Hey thanks diya/lena

:D

*Diya :D

Are you even in HS yet? O.o

WHo me?

who me?

that pic is of lena

Lol No, the question is to rld

lol I am in university LOL

My apologizes!

What..? university? is this uni lvl ? :/

That is alright i like to be young

lol no I am in a stupid one

Well then, we shall not be nostalgic about the past with our young minds ;)

i am not taht old I am 20

Lol Never saw "20" coming :P

lols, dont you learn that in HS? I learnt that last year :/

lol i am learning it in calc2

well it is diffin india u guys learn alot more

lols, im not from india xD

so where ru from?

i thought calc 2 was harder :/

I am in the US...Its..a 10th grade course..

Australia.

it is . this is the stupid stuff

that is 11th grade stuff for me.

lol idk i never learnt this in hs

Ah I see Coolio

wow, HS must be easy for you!

lol we learnt diff thing

we have one math course a year and that includes e/t.
algebra trig geometry and all th egood stuff

like we odnt have algebra 1 and 2 and all that stuff

Hmm, trig and Geo come in one pack for us.

same, i hate trig and geometry.

but neway this university is in the us

ad this was one tiny sectionin calc

Interesting..

katrina so y r u up now? it is so late

very interesting, maths in the US, sounds so easy xD

lol i am from canada

Depends Mimi. You have the choice to take the courses.
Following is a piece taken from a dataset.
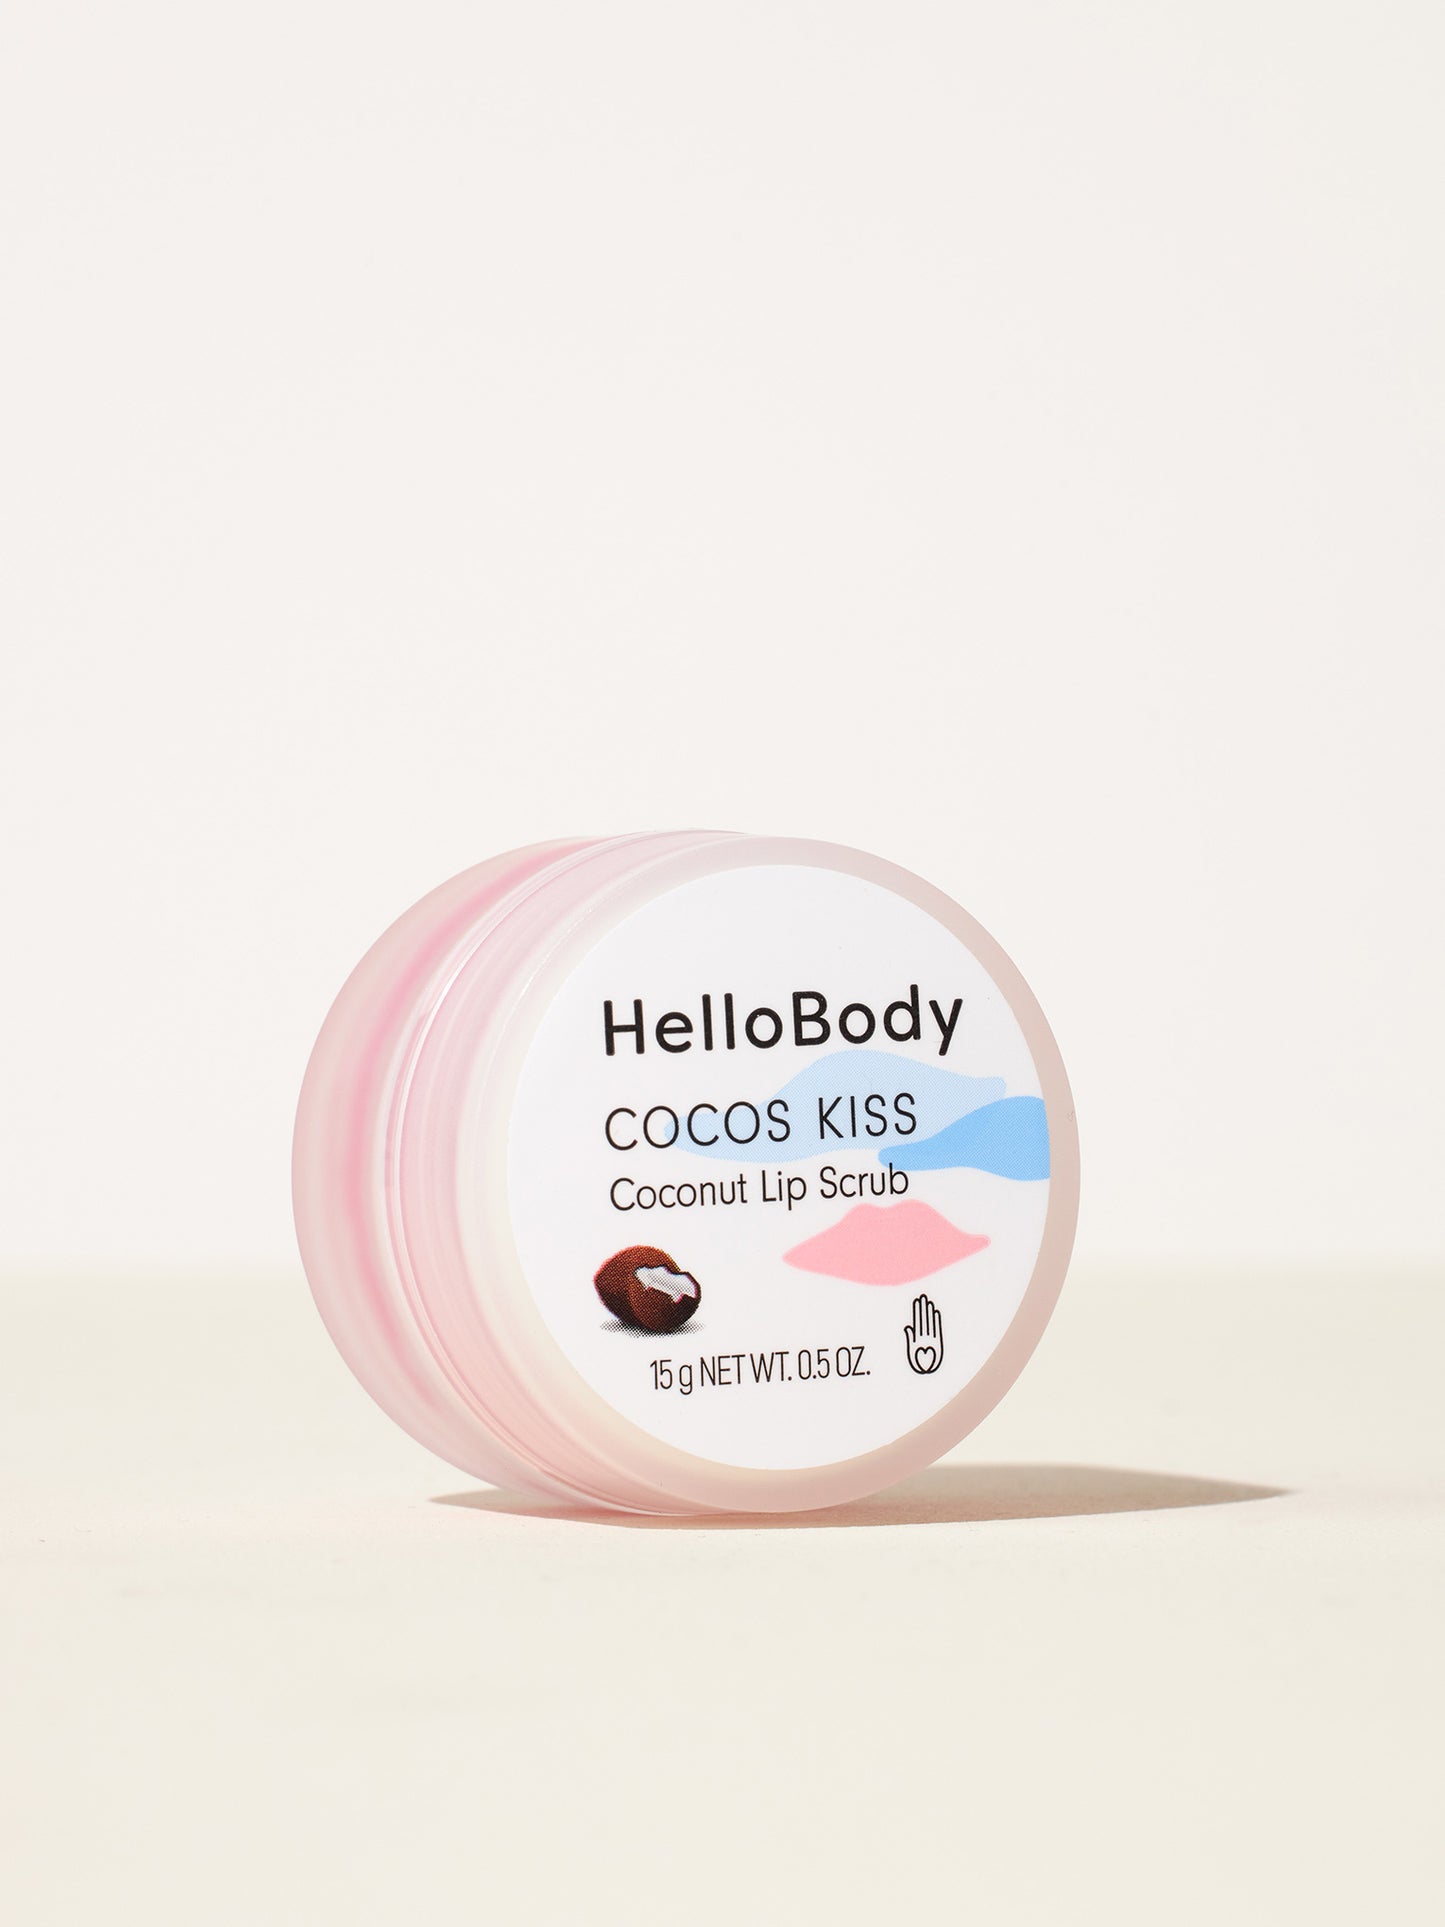 COCOS KISS

So it varies from people.

It is a bit late.. Last minute procrastinator :P

lol zed was herer and then he left lol

i'm back :)

lol

Wb

I guess it is never too late i paged u on the caht but i guess u dont read the chat

Only if there was an "off" button to chat...
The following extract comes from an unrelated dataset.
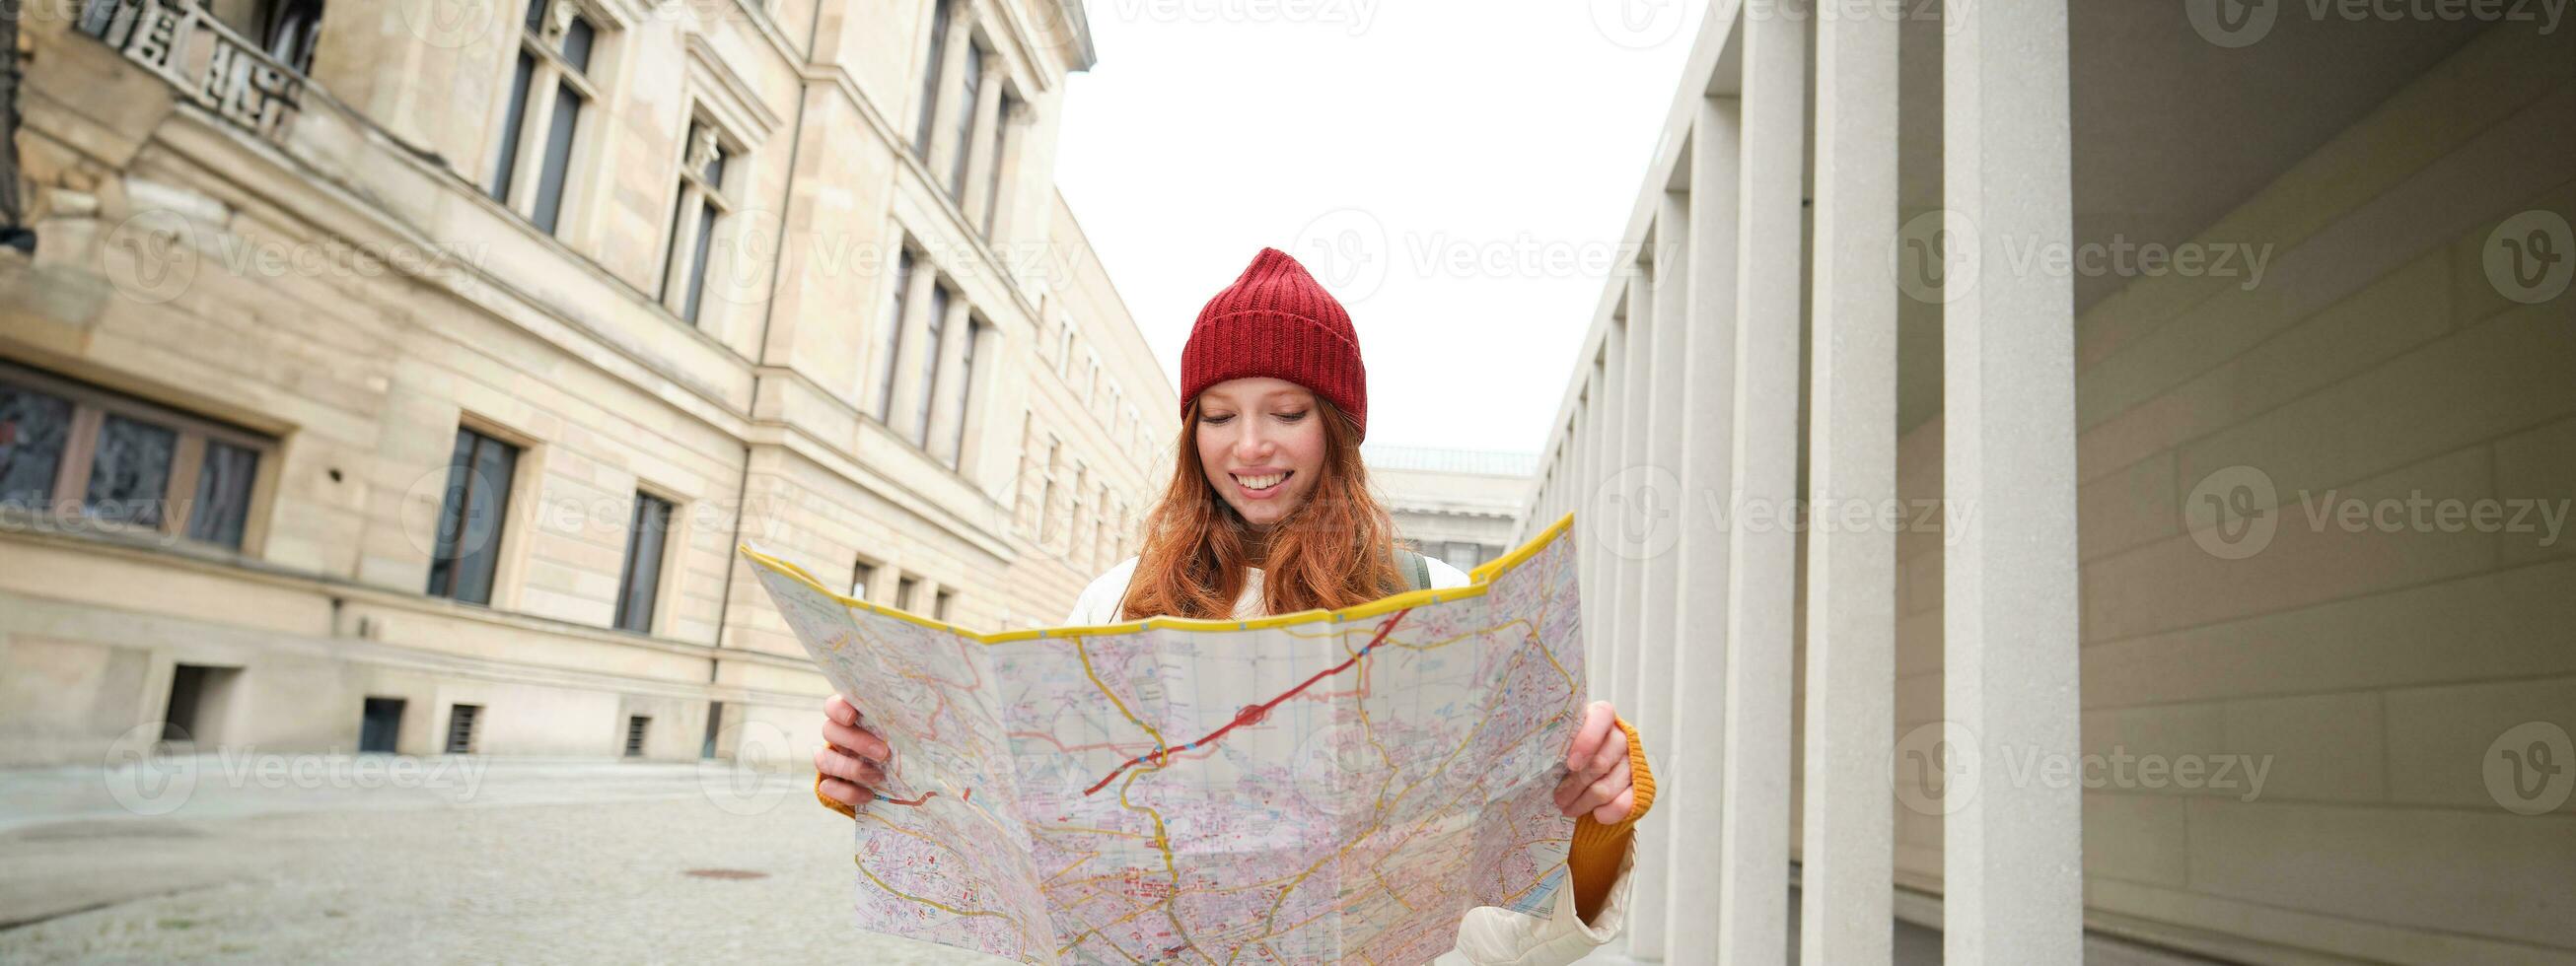 Rothaarige Mädchen, Tourist erforscht Stadt, sieht aus beim Papier Karte zu finden Weg zum historisch Sehenswürdigkeiten, Frau auf ihr Ausflug um Europa sucht zum Besichtigung foto

i usually do, but the internet is a bit slow right now

ok so i wont hold that against u hehe

The chat is neway boring and stupid

Answer is not complete you have to find the definite integral

lol i just realized that :D U r right on target

Hey wld anyone know?

If u can solve (ln(0)+1)?

ln(0) is undefined

Okay, \[\int_{-3}^{-1}\frac{1}{\sqrt{x^{2}+6x+10}} dx\]

ya lol i dont know how to write equations lol

but that wasn't my question ishaan. i want to know abt ln(0)

ln 0 isn't defined, i think you probably made some mistake

\[\ln(x+3+\sqrt{(x+3)^{2}+1} \]
then sub -1 then -3 in

rld? are you here

the answer doesn't have to be in sinh

ya lol this just ln natural logarithm

idk where i went wron

ln(-3+3)=ln(o)

it gets reduced to 1 upon sqrt{x^2 - a^2}

the integral of 1 upon sqrt(x^2-a^2) = log(sqrt(x^2-a^2) +x)

oh wait i did wrong mimi did right i got confused in completing squares

oh thanks ishaan and mimi

but the formula i gave you is right

Ishaan that is alright Thank you for trying :D

U always come when i need u

Thanks mimi

np, but i think that i did it wrong somewhere :/

lol i will recheck the steps

who is this guest watching us?

hello guest!

idk been here the whole time

spying u ishaan

\[\log({\sqrt{x^2+ 6x+10}}+ x+3)\]

yeah, a spy

the final is answer is right:
\[\ln(x+3+\sqrt{(x+3)^{2}+1} \]
but then the end is not i think,

k i will recheck it

There are two spies now

lols, people just love your question.

that's it, i can't be wrong

lol ishann thankss :D

i think that i got the same answer, scroll up!

they are just too lazy to sign up for an account :P

or they wanna spy on us

ln(sqrt(5) + 2) us the final answer
the other one gets to zero

is* not us :-D

seems legit :-D

brb lunch time
instant noodles yumm :-D

ya got that thanks

you're welcome

going to bed it is 4 am

bye mimi

sweet dreams

lol

LoL

Thanks diya for reminding me

NoProblem (: